= Iron catastrophe =

Possible geologic event in Earth's early history

The iron catastrophe is a postulated major geological event early in the history of Earth, where heavy metals such as iron and nickel congregated in the core during a geologically brief period.

The original accretion of the Earth's material into a spherical mass is thought to have resulted in a relatively uniform composition. While residual heat from the collision of the material that formed the Earth was significant, heating from radioactive materials in this mass gradually increased the temperature until a critical condition was reached. As material became molten enough to allow movement, the denser iron and nickel, previously evenly distributed throughout the mass, began to migrate to the center of the planet to form the core. The gravitational potential energy released by the sinking of the dense NiFe globules, along with any cooler, denser solid material, is thought to have been a runaway process, increasing the temperature of the protoplanet above the melting point of most components, resulting in the rapid formation of a molten iron core covered by a deep global silicate magma. This event, an important process of planetary differentiation, occurred at about 500 million years into the formation of the planet.

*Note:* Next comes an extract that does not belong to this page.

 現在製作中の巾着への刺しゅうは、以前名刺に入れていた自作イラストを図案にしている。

==Formation of Earth's magnetosphere==
This large spinning mass of super-hot metal is responsible for the formation of the Earth's magnetic field, the magnetosphere, which protects the Earth from solar wind and the most harmful components of solar radiation coming from the Sun. The magnetosphere protects both Earth's atmosphere and life to the present day and distinguishes the planet from its close celestial neighbour, Mars, which no longer has a significant magnetic field nor comparable atmosphere. The term catastrophe is, here, in the mathematical sense of "a large, sudden change or discontinuity", as contrasted with "a disaster", because this event was necessary for life to emerge and evolve on Earth: without it, Earth's atmosphere would have been, as on Mars, stripped away by solar wind long before the present epoch.

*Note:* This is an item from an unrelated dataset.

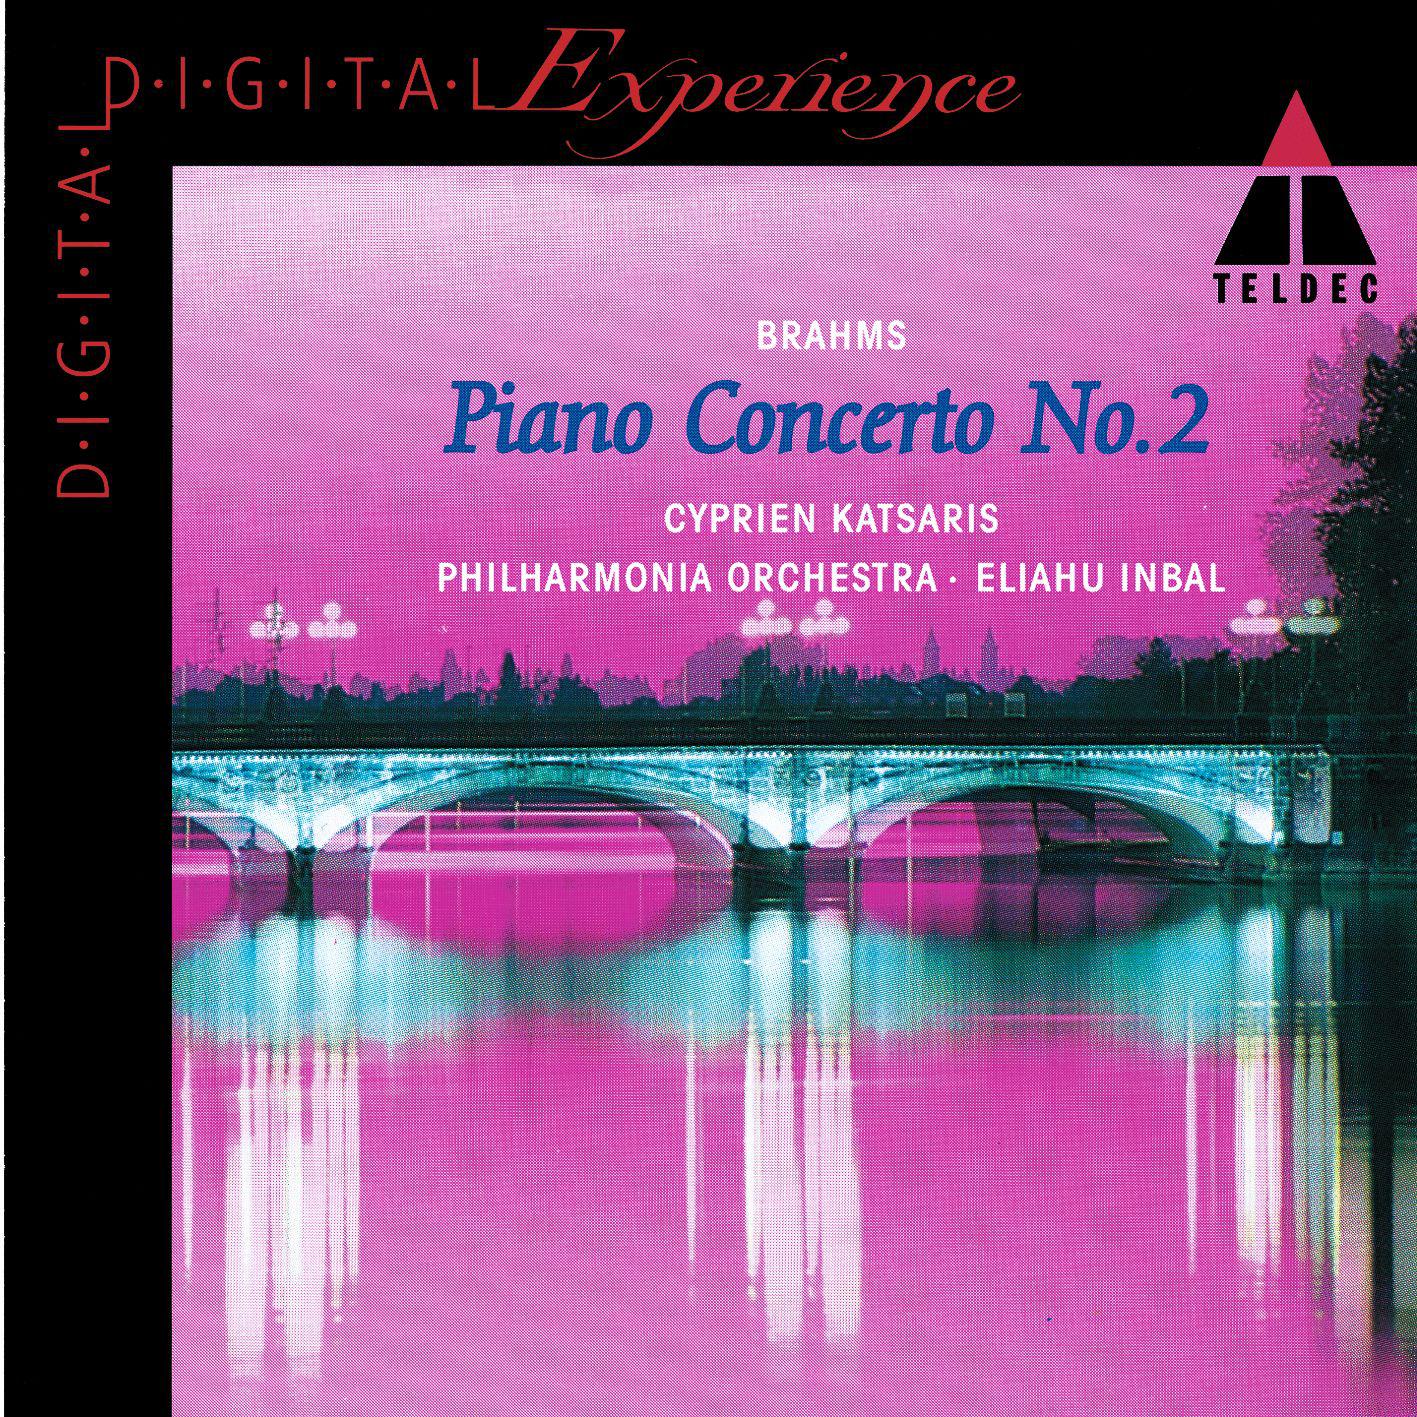 Piano Concerto No. 2 in B-Flat Major, Op. 83:I. Allegro non troppo

Another theory, however, suggests Mars did once experience its own iron catastrophe and was once shielded by a magnetosphere. By this theory Mars has simply cooled faster than the Earth, gradually solidifying its dynamic iron center, hence shutting down its magnetosphere. The finding of signs of liquid water once existing on Mars suggests that it once had its own magnetic shield to keep the water in the atmosphere of the planet from being blown into space by solar wind.